Other measures highlighted by the minister include health checks for expectant mothers, increased welfare payments, and a proposed doubling of maternity leave from three to six months.

Thailand’s fertility drive comes at a critical time for the country’s future. Fifty years ago, Thai women would have an average of five children each, and amid concerns of overpopulation, the government in 1972 launched a campaign to drive down birth rates. One of the campaign’s key messages translated as “More babies, more poverty.”

Whether as a result of the campaign or not, birth rates fell, and the country’s fertility rate has dropped nearly fourfold to 1.51 last year. The country’s National Economic and Social Development Council recently predicted that by 2025, a fifth of Thailand’s population will be over 60 years old, and that the nation’s total population will fall from 70 million to 40 million in the years thereafter. 

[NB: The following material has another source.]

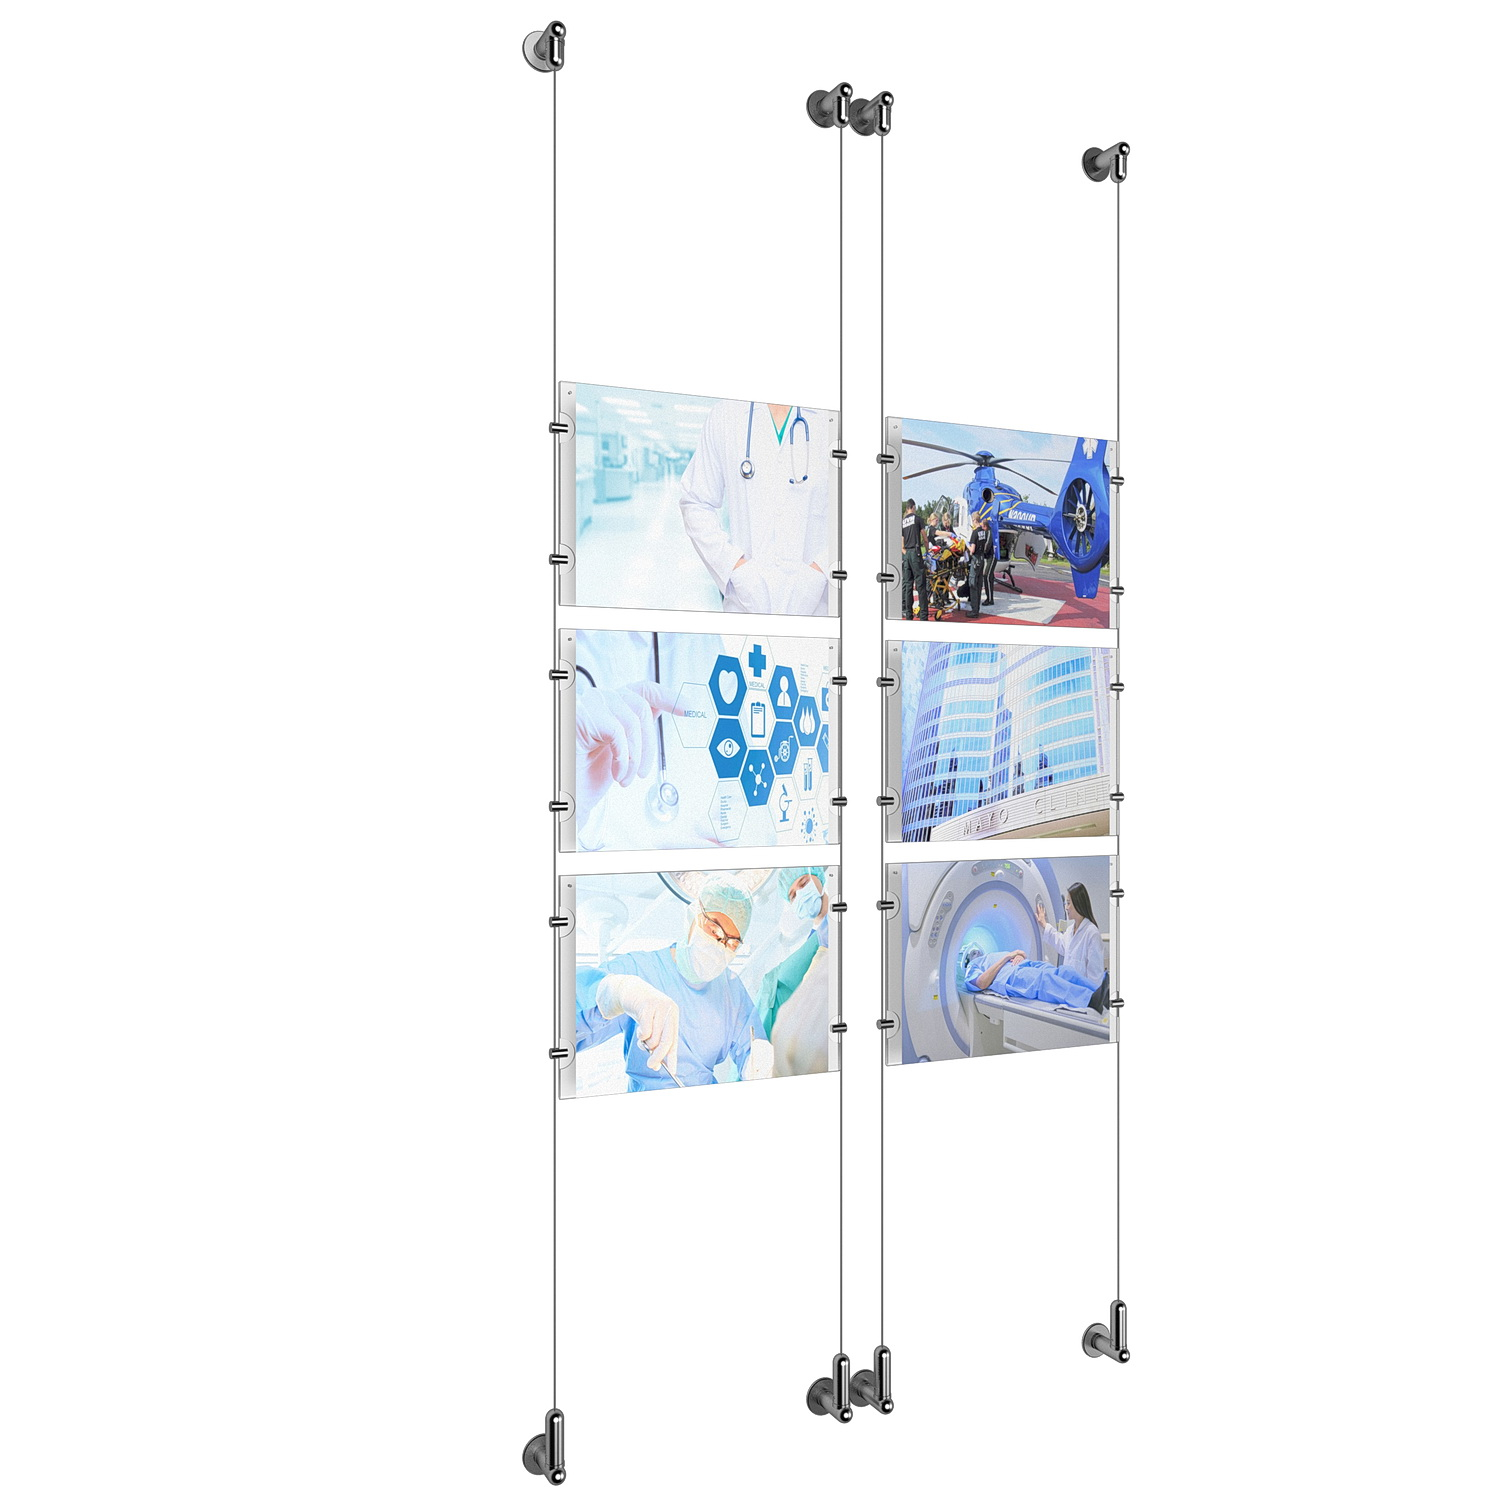 (6) 11'' Width x 8-1/2'' Height Clear Acrylic Frame & (4) Wall-to-Wall Aluminum Clear Anodized Cable Systems with (24) Single-Sided Panel Grippers

Reports in Thai media claim that the country’s economy simply does not incentivize parenthood, and that young people are choosing to avoid the financial “burden” of having kids. However, Pitutecha said that economic incentives can only go so far, citing the example of Singapore, which doles out lavish subsidies for each newborn child but has not managed to reverse its declining fertility rate.

“Money is not the only answer,” Pitutecha said. “This matter must be thought through the whole system. Values ​​can be changed.”

Thailand is far from the only country wrestling with the issue of demographic decline. After decades of low birth rates, Japan’s population has begun to drop, and elderly people make up a larger share of the population there than anywhere else in the world. Birth rates throughout the European Union are also below replacement level, prompting debate over how to remedy the situation.

Thinkers and politicians in some Western European countries have presented increased immigration as a solution, despite few Europeans considering immigration beneficial to their countries. More conservative Central European countries like Hungary and Poland have encouraged their citizens to have more babies, while opposing immigration.